I don't really classify myself, except as a fat, bald guy who likes cheeseburgers and Merlot... and I HATE berets! Does that help?


----------



## o hey tyler (Jan 28, 2013)

Considering I'm a beret wearing commie pinko... I'll have to go with that one.


----------



## PixelRabbit (Jan 28, 2013)

This is destined to degenerate into an argument that can be boiled down to semantics.
I shall answer before that occurs.
Yes, I consider myself an artist and photography is my chosen medium.


----------



## gsgary (Jan 28, 2013)

Yes piss artist  might be called something different in US


----------



## amolitor (Jan 28, 2013)

If you call yourself an artist, but also wear a beret, you probably are not. You're probably a poseur.

Yeah, I'm an artist. I even make art sometimes.


----------



## runnah (Jan 28, 2013)

amolitor said:


> Yeah, I'm an artist. I even make art sometimes.



There's the nubb. I create 8hrs a day but I wouldn't consider it art. It's all well done and visually appealing, but not art. 

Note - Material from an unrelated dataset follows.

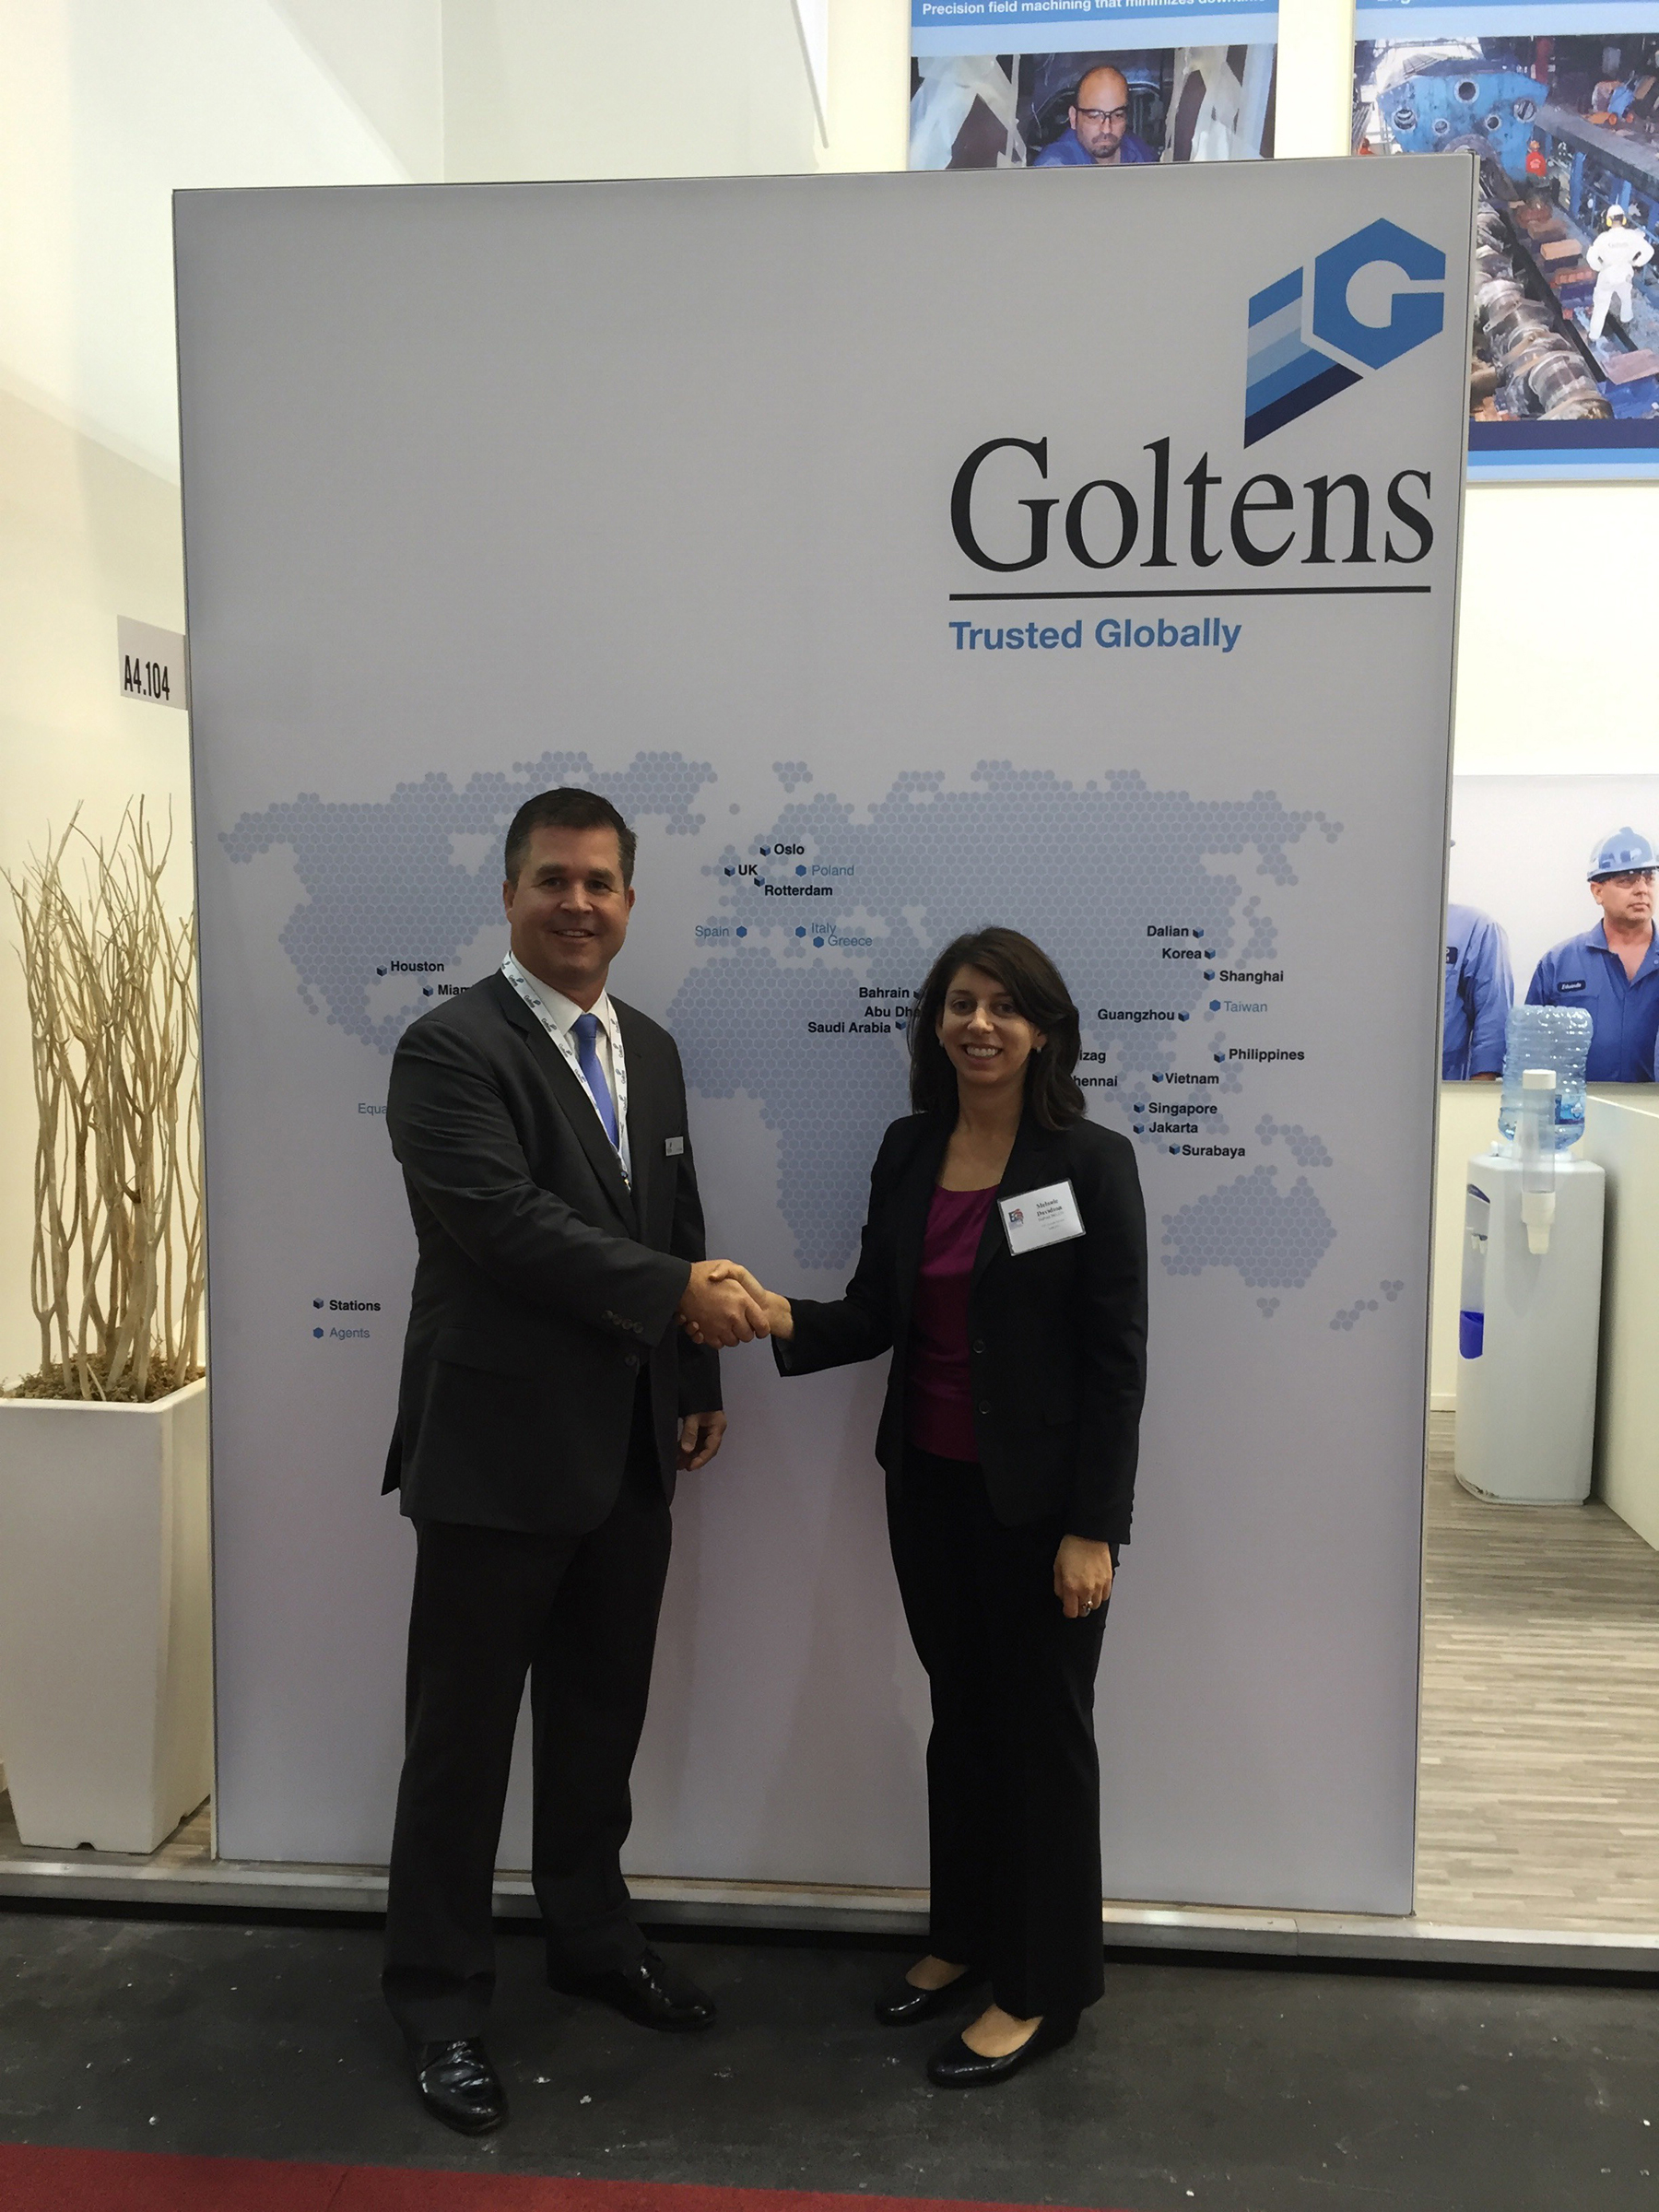 DuPont Clean Technologies and Goltens Worldwide Management Corporation to Collaborate on Marine Scrubbers

I do maybe 2hrs a week of "art" outside of work.


----------



## amolitor (Jan 28, 2013)

Yeah. You gotta figure out what the heck art *is* for one thing. Once I sorted that out well enough to suit myself, I started to get someplace. Turns out that most of what I do pretty much fails, but very now and then something hits and it's pretty good.


----------



## Demers18 (Jan 28, 2013)

PixelRabbit said:
			
		

> .
> Yes, I consider myself an artist and photography is my chosen medium.



I think you nailed the description quite nicely Judy. That is precisely how I would categorize myself.


----------



## runnah (Jan 28, 2013)

amolitor said:


> Yeah. You gotta figure out what the heck art *is* for one thing.



Therein lies the crux of my failed topic. What art is and who defines it.


----------



## amolitor (Jan 28, 2013)

If you're wondering if you're an artist or not, you get to define what art is for yourself. Then ask yourself if that's what you're doing.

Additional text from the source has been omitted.